These little darlings gave me such a hard time while unmolding them that I kept thinking of a song I love, Erasure’s “Here I go impossible again”. :D
The workout made me wonder why Ms. Lawson’s photo for these mini cakes shows them still in the pan they were baked, but it was worth it: the mini sponges were delicious and had an amazing texture – the syrup really gets into them, enhancing the citrus flavor. Yum!
I used both lemons and limes here but if you want to make the original recipe use just limes.
Mini citrus syrup sponges
from How to Be a Domestic Goddess
½ cup (113g) unsalted butter, softened
½ cup + 1 tablespoon (112g) sugar
2 large eggs
zest of 1 lime
zest of 1 lemon
1 cup + 2 tablespoons (160g) self-rising cake flour
pinch of salt
4 tablespoons milk
Syrup:
2 tablespoons lime juice, plus zest for decoration
2 tablespoons lemon juice, plus zest for decoration
½ cup (70g) confectioners’ sugar
Preheat the over to 180ºC/350ºF; generously butter an 8-cup mini-loaf pan.

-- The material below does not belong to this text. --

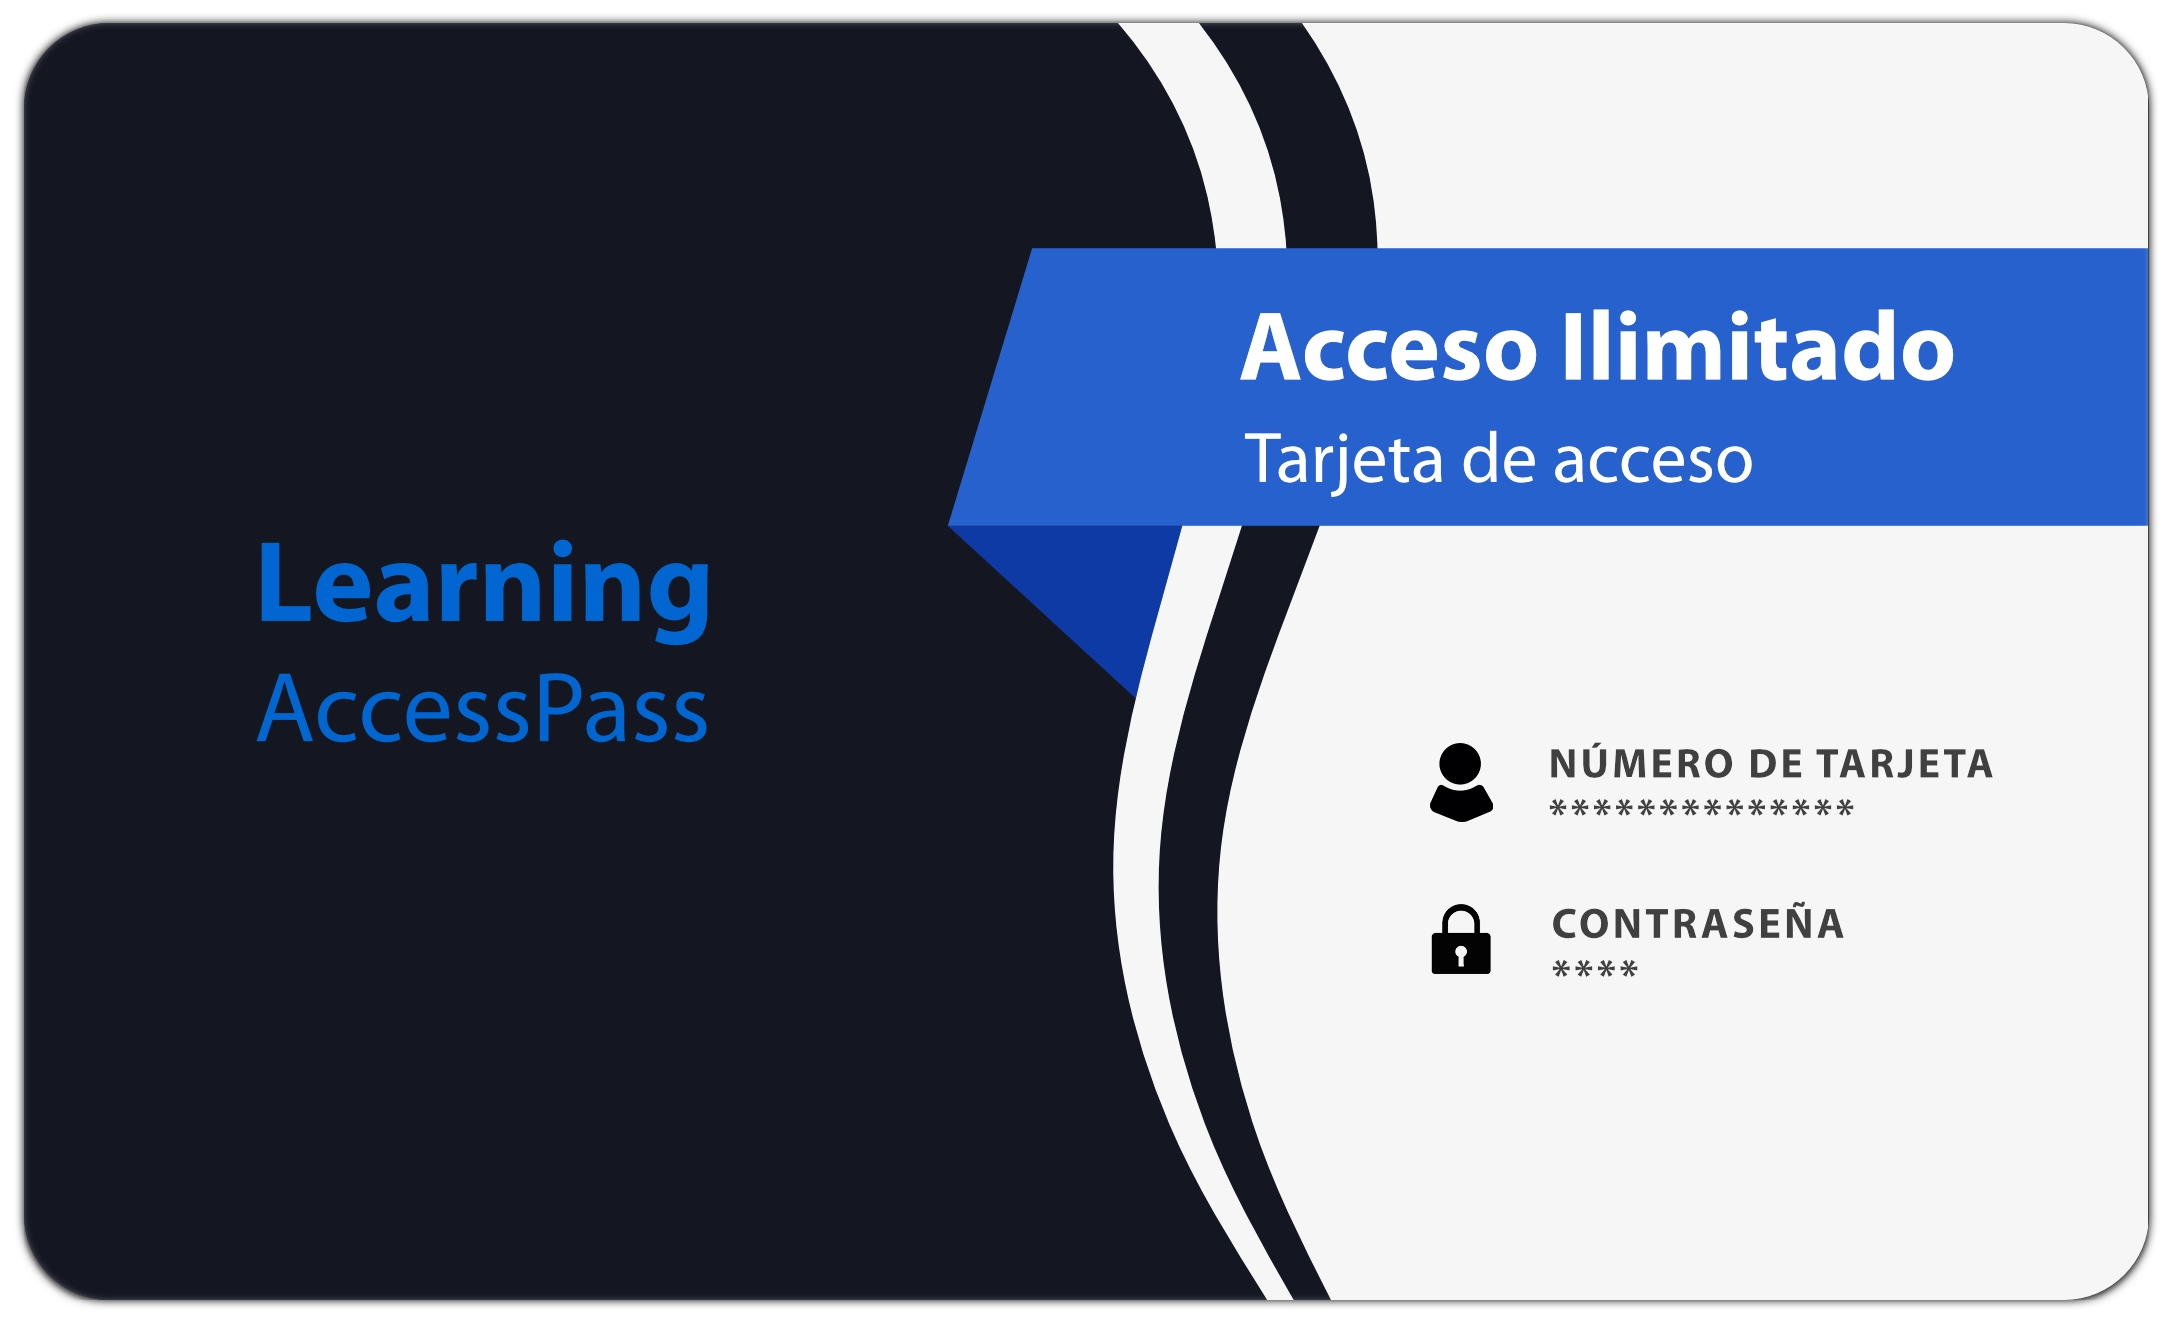 Tarjeta de acceso linkedin learning

Cream together the butter and sugar, and add the eggs and zest, beating them in well. Add the flour and salt, folding in gently, and then the milk. Spoon into the mini-loaf pan, and cook for 25 minutes.
While the cakes are cooking, prepare the syrup by putting the lime and lemon juices and sugar into a small saucepan and heating gently so that the sugar dissolves.
As soon as the mini-sponges are ready, take them out of the oven and prick them with a cake-tester all over. Pour over the syrup evenly. Try to let the middle absorb the liquid as well as the sides, then leave it to soak up the rest. Don’t try to take the cakes out of the pan until they have cooled slightly and the syrup looks like it has been absorbed, but be aware that if you leave these to cool completely they might be very difficult to get out of the pan.
So, after an hour or two, turn them out onto a rack and grate some lime zest over them before serving.
Makes 8 – I halved the recipe, used a muffin pan (each well holds 1/3 cup batter) and got 5 mini cakes
14 comments:
Those are not only pretty, they sound so refreshing and tasty!
Great. Just as I vow to take it easy on the baking for a while, you dangle THESE in front of me. Am now considering buying jeans a size up in order to make these.
Those look really good! Hmm, maybe I should use some of my syrups leftover from candying things like this.
Do you ever bake anything that doesn't come out looking so pretty and cute?!
There is just something about the word "sponge" when it comes to dessert that makes me want to instantly gobble it up!
ooh i love lemon syrup cakes. They make such a nice change from icing and buttercream. These look divine!!
These look adorable and delicious! Worth unmolding efforts. =)
These are lovely!
oh my!! my list of things to try keep getting longer and longer! they look divine! :)
These look delicious. I love eating citrus desserts in the spring time and will definitely need to try these!
They look lovely Patricia! But naughty of Ms lawson not to mention that they are hard to get out of the pan! ;)
Kelly, they are refreshing, indeed!
Thank you!
Sara, tks for visiting! You made me laugh out loud - sorry to tempt you with the cakes. :D
Anna, that sounds like a great idea!
Pam, you are much too kind, darling!
xoxo
Alejandra, "sponge" + "syrup" and I am sold. :D
Thank you!
KJ, I agree! This syrup really works well with the sponges.
Ashley, you are right. ;)
Chriesi, thank you!
Pia, thank you, sweetie! I hope you and your kids like them.
Dessert Lover, tks for stopping by! I'm crazy about citrus, too. :D
Lorraine, she warned about unmolding them in 1-2 hours, but she did not say it was going to be so hard. ;)
xx
HAH! Nigella has her secrets... ;) We have calamansi here, and I think it would be an awesome way to go with this cake-- it looks so moist and delicious! :)
I love the name of these! And the yellow and green peel on top is so cute.